-- ASSIGNMENT --
Print, from the listing below, the lines starting at the line containing "DRx FARMAxY FOR" and ending at the line containing "Bulgaria 1996 Football", exactly as they stand, and print nothing else.
━━━━━ EXERCISE MATERIAL
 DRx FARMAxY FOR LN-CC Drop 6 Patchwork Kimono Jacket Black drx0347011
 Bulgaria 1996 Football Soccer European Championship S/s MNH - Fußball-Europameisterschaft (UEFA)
━━━━━━━━━━
━━━━━ EXERCISE MATERIAL
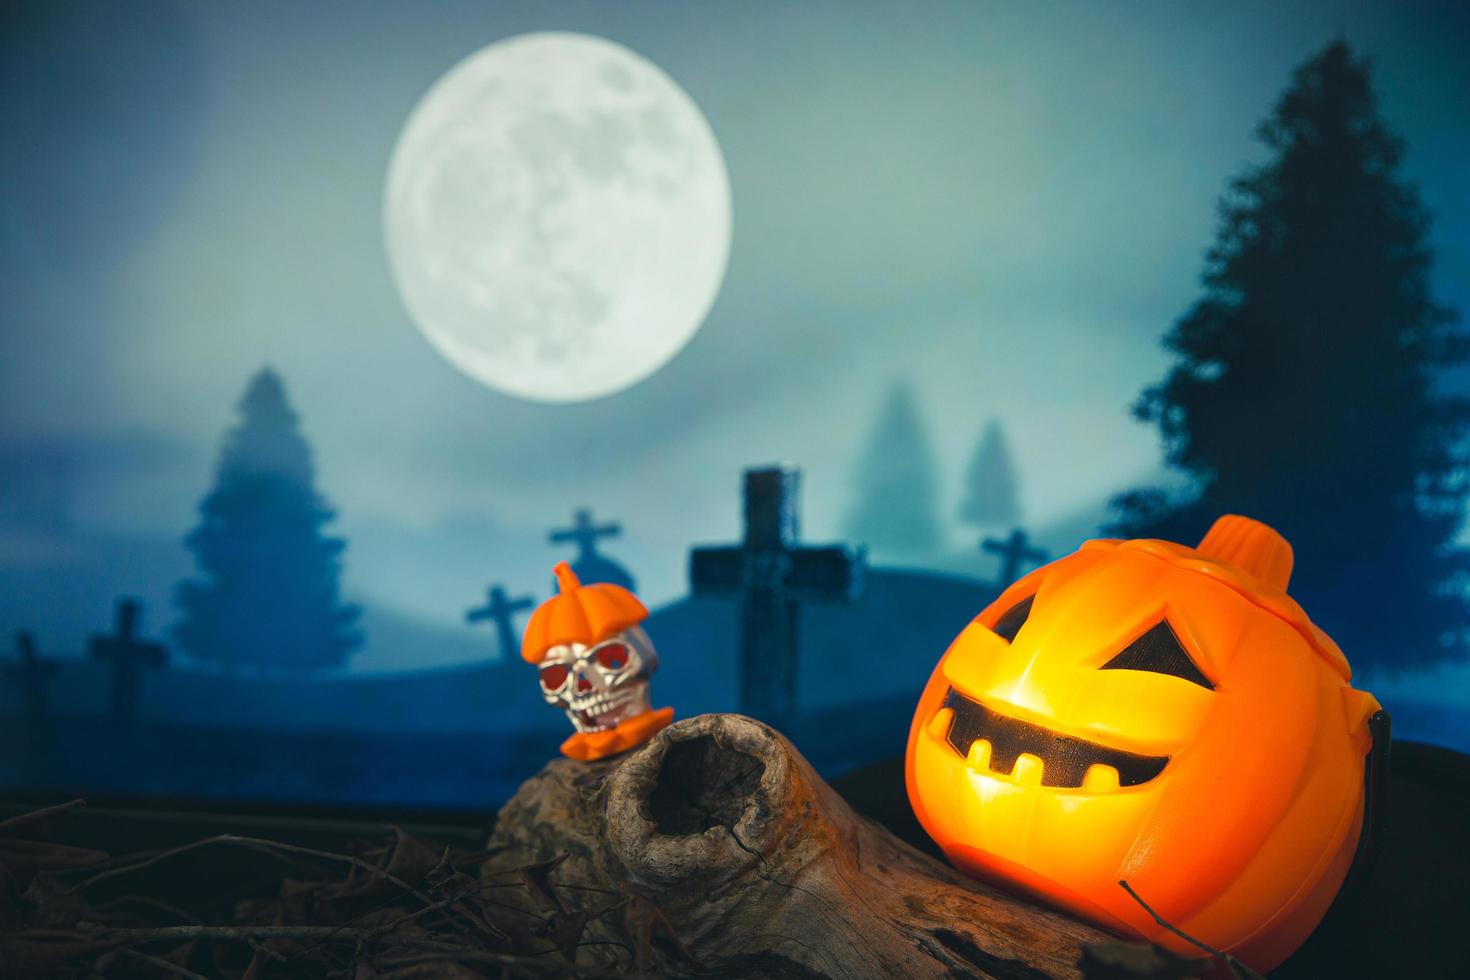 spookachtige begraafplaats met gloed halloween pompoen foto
━━━━━━━━━━
-- EXERCISE RESULT --
 DRx FARMAxY FOR LN-CC Drop 6 Patchwork Kimono Jacket Black drx0347011
 Bulgaria 1996 Football Soccer European Championship S/s MNH - Fußball-Europameisterschaft (UEFA)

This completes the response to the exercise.